At least I'm aware of it, and I am *trying* to get better. I almost got into a disagreement with one of my closest friends over whether it was James Murdoch or Rebekah Brooks who announced the News of the World closure to its staff. Even though I knew the answer (hint: it wasn't the redhead) and even though there was a computer sitting there winking at me, flashing its search engines, offering to prove me right, I somehow managed to restrain myself and just... let it go. Because does being right matter more than being a friend? No. Probably. No, definitely no.

(Although apparently I didn't really let it go, since this happened in July and I'm clearly still bitter about it. And now I've flaunted my rightness all over my blog. Like I said: incurable.)


So who has incurred my pedantic wrath this week, I hear you cry? Well, it was none other than the goddess that is Meryl Streep. Usually, Meryl can do no wrong in my eyes, but after winning a Golden Globe for her portrayal of Margaret Thatcher in The Iron Lady, she made sure to thank, in her speech, "everybody in England" for letting her "trample all over their history".

Oh, Meryl. Meryl, Meryl, Meryl. How could you let me down like this? You seem like an intelligent woman. You've just spent weeks living in this country. Worse than that, you were here giving what could be the defining performance of your career as one of the most notorious leaders this country has ever had. How is it possible that you still don't know what this country is called? Margaret Thatcher was not the Prime Minister of England. England does not have a Prime Minister. England no longer has a parliament. The United Kingdom of Great Britain and Northern Ireland does. LOOK IT UP.

And, breathe.


There is another possibility, of course. Maybe Meryl's speech was really a clever allusion to the fact that, even though Thatcher decimated Scotland's industrial communities, put a fifth of its workforce out of a job within the first two years of her administration and imposed upon its people the most unpopular tax in Scottish history, her Conservative government never actually won a majority in Scotland. So we do technically have the people of England (well, okay, mainly the posh ones in the south) to thank for that. (Thanks.)
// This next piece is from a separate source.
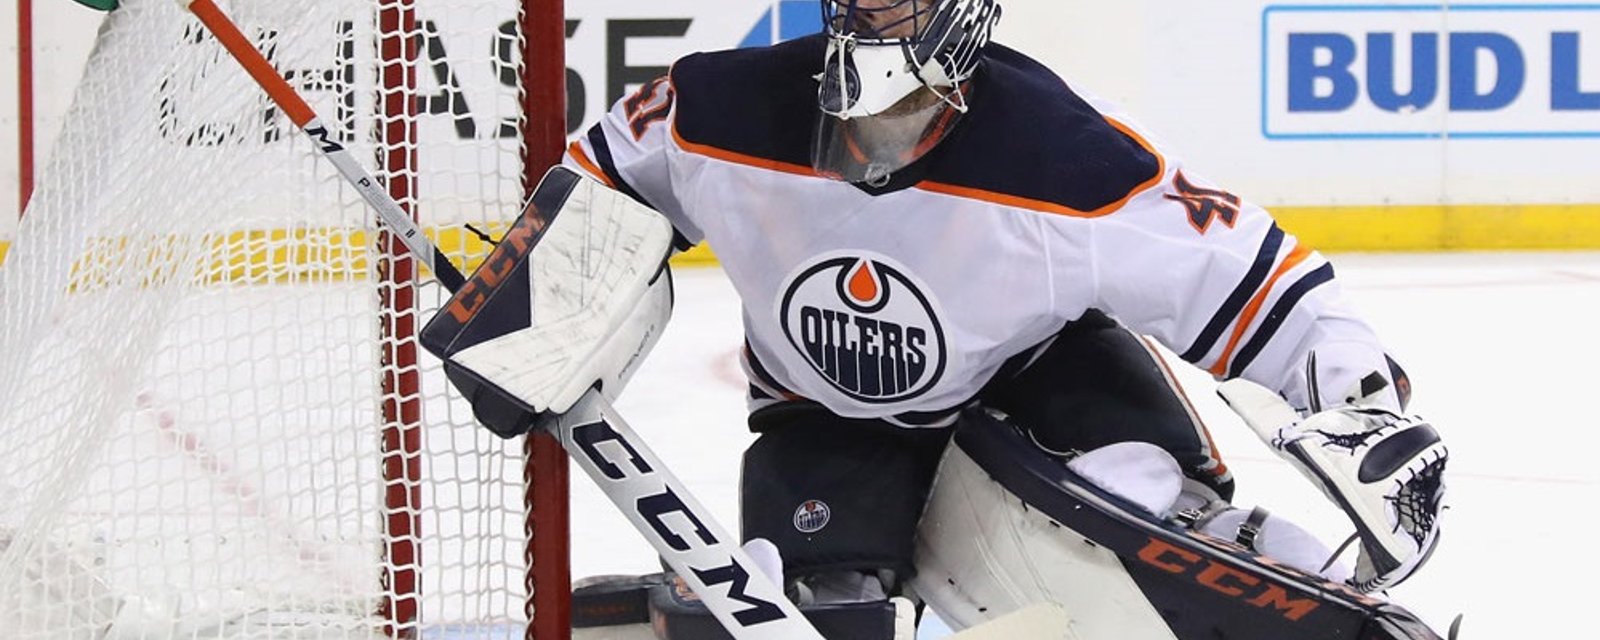 The Oilers have signed goaltender Mike Smith.

In which case, Meryl, by all means - trample away. I'll even hold your giant skirt for you.


Images: Site of the National Mining Museum of Scotland at the former Lady Victoria Colliery near Edinburgh, by LDN Architects.

17 boats moored

  1. Excellent post. Having lived in England for five years I can't tell you how many times I have gone purple with rage about this. Is it really possible they don't realise the difference? Why???? Pedantry can be fun.
    Re. independence I'm totally undecided and the current debate seems more interesting in entrenching the two sides than actually answering questions about how the whole thing would work/demonstrating that it wouldn't.
    In London just before Christmas a friend's colleague asked me what way I thought the referendum would go and I said it could go either way. To which he replied 'oh don't be ridiculous the Scots would be backwards without us'. I suspect the SNP planted him to piss off Scots into voting their way...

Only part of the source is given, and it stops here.